A team of investigators led by a BBRF grantee reports that they have gained new insight into circuit-based mechanisms in the human brain that underlie habitual behaviors, specifically those involved in two eating disorders, binge-eating disorder (BED) and bulimia nervosa (BN).
In BN, there are recurring episodes of eating large amounts of food at one sitting with a sense of loss of control, usually coupled with efforts to purge. BED, in contrast, involves similar binge-eating episodes that are not paired with purging.
One of the mysteries posed by eating disorders as well as other disorders including substance-use disorders is why an individual will persist in behaviors that they know will hurt them. The answer is thought to involve, among other things, problems in circuitry underlying the formation of habits. Better understanding such circuitry provides a potential path toward new treatments.
Habits are formed through repeated associations between a rewarding behavior—say, the satisfaction of taking in nourishment—and contextual stimuli experienced or perceived at the time of the behavior—say, a feeling of hunger, or, quite different, the mere sight or thought of food. Eventually the “contextual stimuli” themselves become sufficient to drive the behavior, independent of the reward actually obtained. For this reason, behaviors that are habitual are resistant to changes in what happens as a result of engaging in the behavior. People will continue to smoke or take addictive drugs long after they learn of the likely damage being done to their health.
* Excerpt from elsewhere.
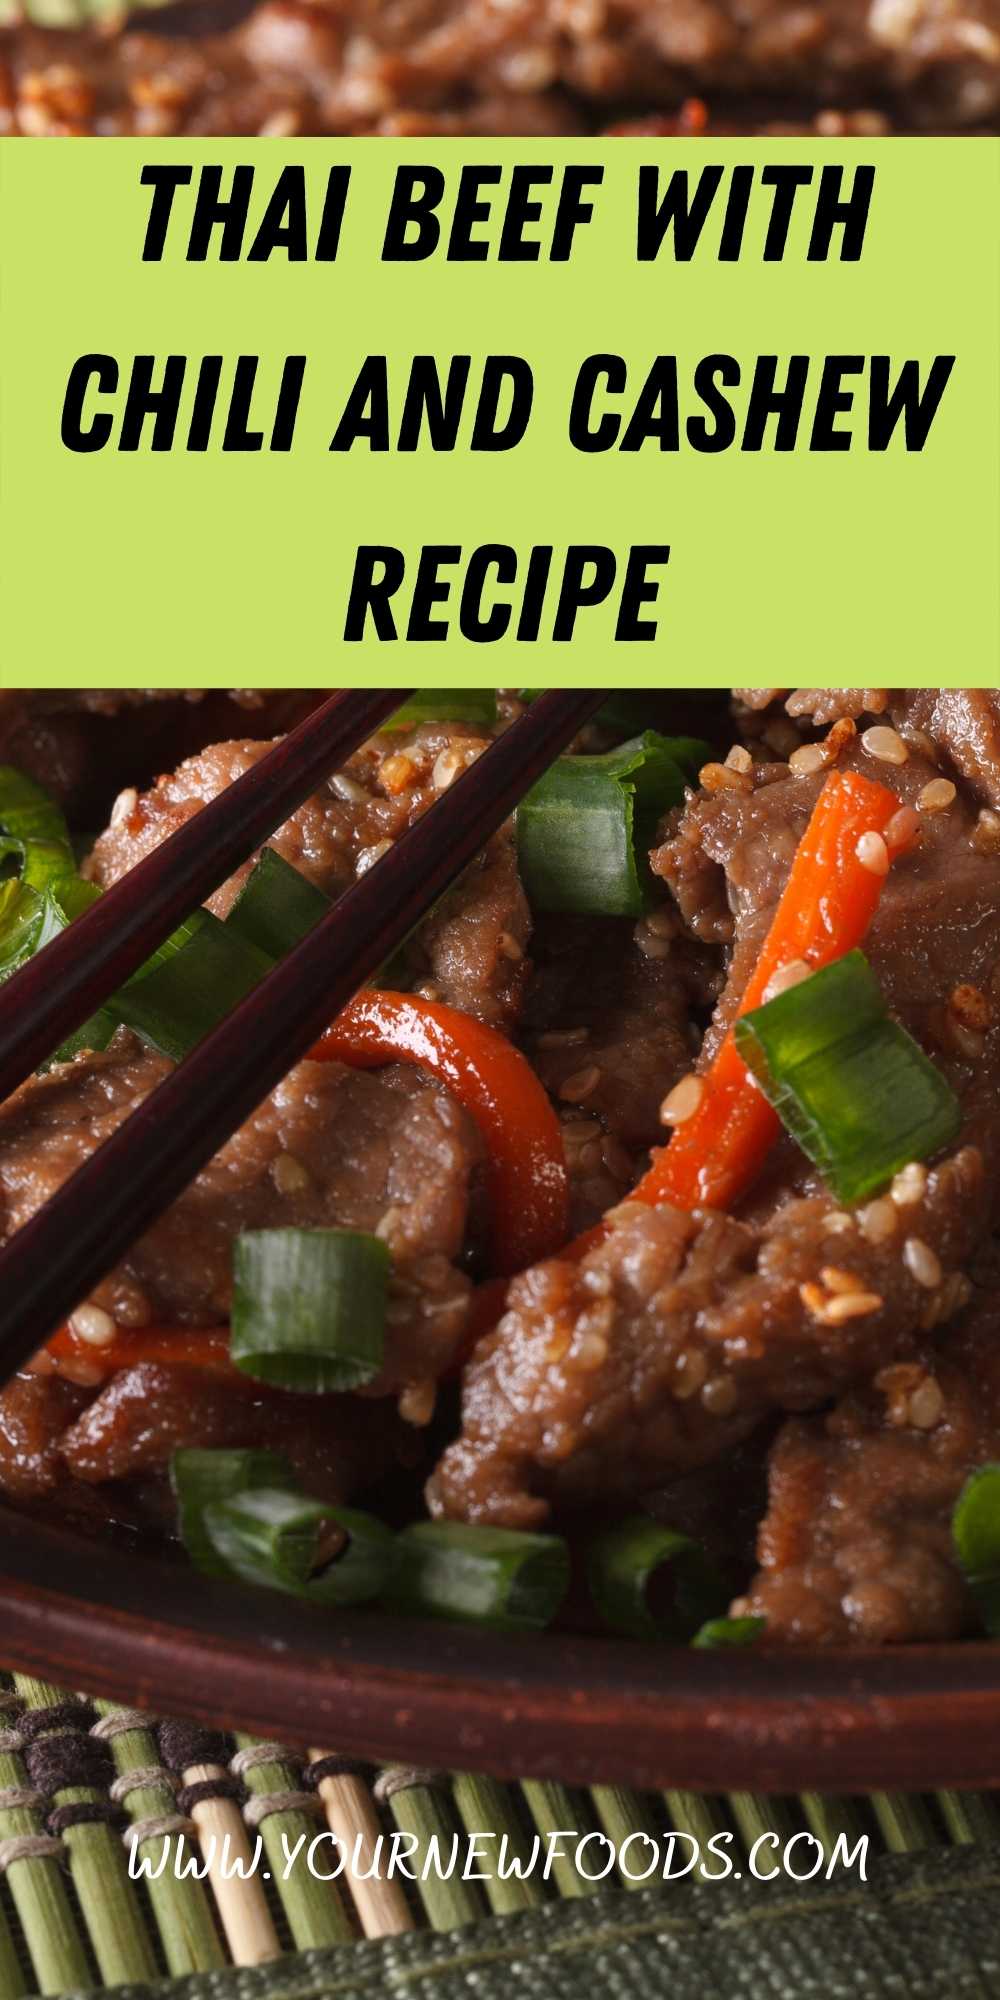 Thai beef with chili and cashew Recipe

Similarly, people with disorders involving binge eating and/or purging habitually engage in the behavior despite knowing their health is being adversely affected.
Casey H. Halpern, M.D., a 2016 BBRF Young Investigator at the University of Pennsylvania and the VA Medical Center, Philadelphia, and colleagues including Cara Bohon, Ph.D., a 2012 BBRF Young Investigator, began with the hypothesis that people with recurrent binge eating will have altered habit circuitry, compared with healthy controls. They used a combination of functional and structural neuroimaging methods to examine specific parts of the brain in a cohort of eating disorder patients, 21 with BED and 13 with BN. All were female.
The team, reporting in Science Translational Medicine, was inspired by an extensive literature based on experiments with animals—mainly rodents—that point to the brain’s striatum and its complex connectivity with different parts of the cortex as playing a key role in driving and regulating habitual behaviors. The striatum has many functions, prominent among which are processing rewards and bodily movements related to reward-seeking. Much of what happens in the striatum is regulated by dopamine signaling—which has been implicated in the acquisition of habits and the carrying out of habitual behaviors.
Maladaptive behaviors—harmful to the individual—have been central in studies of addiction, and as Drs. Halpern, Bohon and colleagues note, recent evidence has suggested that habitual behavior may also be important in eating disorders. Specifically, “as eating becomes habit-driven, it may be influenced more by external food cues than by the individual’s feeling of satiety [fullness] or actual bodily needs.”
Part of the new study was designed to identify subregions of the human striatum that are most likely to be involved in habitual behavior. This yielded two regions, called the sensorimotor putamen and the associative caudate. Study of the imaging data from eating disorder patients revealed to the team that connectivity of the sensorimotor putamen was altered, both in BED and BN patients, and that the degree of alteration correlated with the severity of the disorder in individual cases.
The observed striatal connectivity alterations were also found to correlate with grey matter microstructure in the affected subregion and with dopamine signaling with the ventral portion of the striatum. The associative caudate subregion of the striatum, though involved in habitual behavior, was not found to exhibit alterations in connectivity in the same patients. “This suggests the sensorimotor putamen may be the key node for promoting habitual behaviors,” not just in BN and BED patients, but generally in human beings, the team said.
Binge eating in response to external cures, such as the sight of food, and “emotional eating,” which is a term for eating that is prompted by depressed mood or other emotional states, have previously been regarded as involving separate processes. The new study, however, provides evidence that both “may be conceptualized as habit-driven behaviors, i.e., related to habit circuitry, and that it is these which may drive the frequency of binge eating episodes.”
The evidence in this study did not indicate that habit circuitry involved in binge eating behaviors was also involved in “restrictive eating” behaviors, for example the restrictive type of anorexia nervosa, involving consistent restriction of food intake.
The team suggested that “future treatments involving modulation of circuitry-based mechanisms may potentially provide a means to treat habitual behaviors that underlie the treatment-resistant nature of many human psychiatric disorders, not limited to eating disorders.”